Today, August 11, is our anniversary. We woke up at about 8:00 and loaded up our stuff and took off for our new destination, Timberlake RV Park near Mears, Michigan. We started on the one lane rural roads in Indiana and sort of got onto wider and flatter roads as we proceeded northwest through southern Michigan. MI-131 was a pretty good road with only a few cleverly hidden potholes, some of which we missed. 131 becomes a four lane freeway north of Schoolcraft and the traffic was moving along at about 65 or 70 miles per hour with us hanging out in the right lane.
Right after we passed the exit for Wayland, a small coupe pulled up next to us and the driver started making strange gesticulations and hollering at us. The frantic waving was impressive but we could not hear a word the poor guy was screaming. We eased off on the throttle and pulled to the side of the freeway with the guy stopping about 100 feet in front of us. We rolled down the windows as he approached and that is when he told us that our spare had broken free of the carrier on the back bumper of the trailer.
Apparently, the spare tire mount system had some flaws that extended use has brought to the forefront. When the tire broke off right in front of the guy following us, it dropped to the ground but, since we were motoring along at about 65 mph, the resulting motions followed a random, erratic pattern with the tire bouncing around for a while before allegedly coming to rest alongside the highway. He sped up, flagged us down and told us about the location of the tire.
We continued to the next exit, reversed direction until south of the Wayland ramp and turned around again to cover the area where the tire should have been. We did find the cheesy tire cover that was protecting the tire but no wheel and no spare tire was visible along the section where it had purportedly come to rest. Perhaps the guy did not see all the tire’s antics and it bounced into some farmer’s cornfield. If that’s the case, them he will find it when he mows the corn. Maybe the tire went into a brush-choked ditch where we couldn’t see it. Maybe some resourceful but not particularly honest jerk picked the wheel and tire up before we could reclaim it. In any event, it is about $3-500 for the stuff to replace it.
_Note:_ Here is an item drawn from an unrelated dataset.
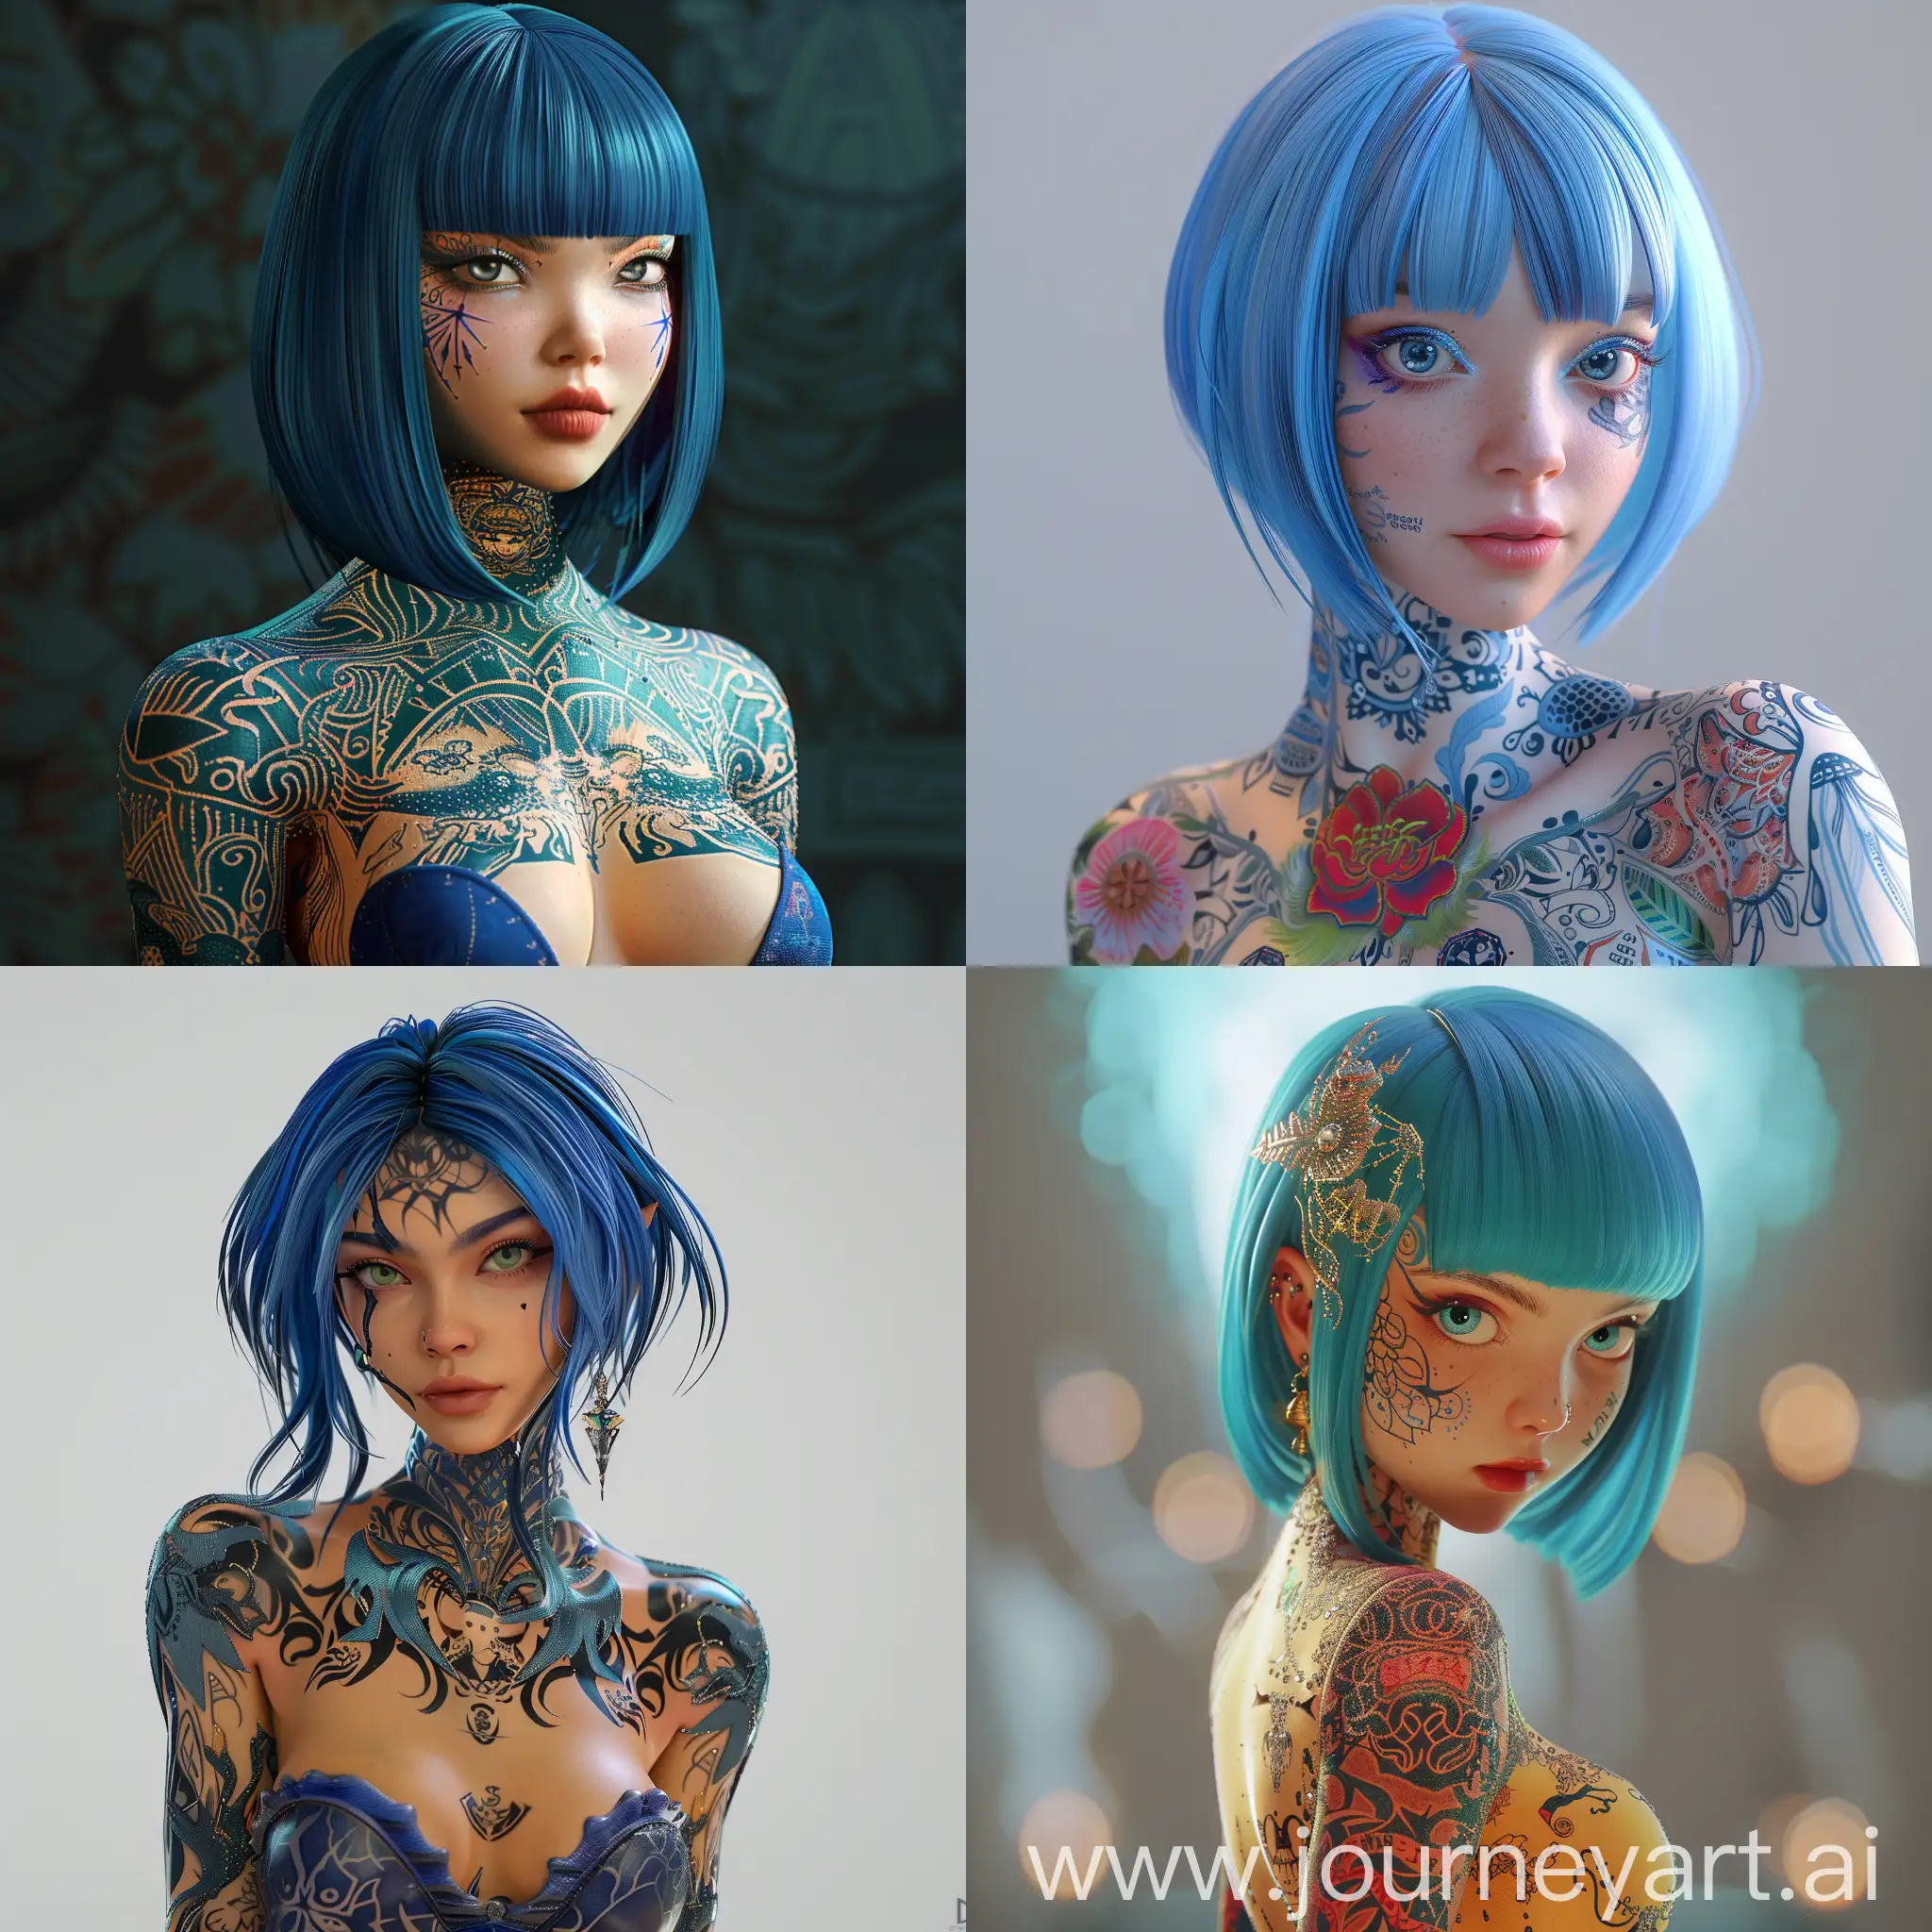 Realistic-Anime-Woman-with-Intricate-Blue-Hair-and-Tattoos

We abandoned our spare tire repatriation efforts after a bit but we did find a nifty new black cowboy hat, Size 7 1/2, lurking in the deep weeds along the road and we claimed it although we are not sure why. Maybe it will look good on the Barbarian Invader. We continued up 131 to Grand Rapids where we pulled off long enough to withdraw some cash from a B of A ATM. We now feel having some cash clears up any misunderstandings when B of A’s genius fraud protection fiends curtail use of the card until we call to discuss why we might have bought diesel twice in a day when driving long distances.
At Grand Rapids we veered off on I-96 going northwest and it turned into 31 which we followed into Mears, MI. Some 10 miles later on some everything but level two lane blacktops we pulled into Timberline RV. Losing the spare tire, the wheel it was mounted on and the important parts of the former spare tire mount was a pisser but nobody got hit with it when it took it’s little excursion and we did find a nifty hat. I guess since nobody was killed by the spare going bonkers at 65, I should look at this as a good anniversary.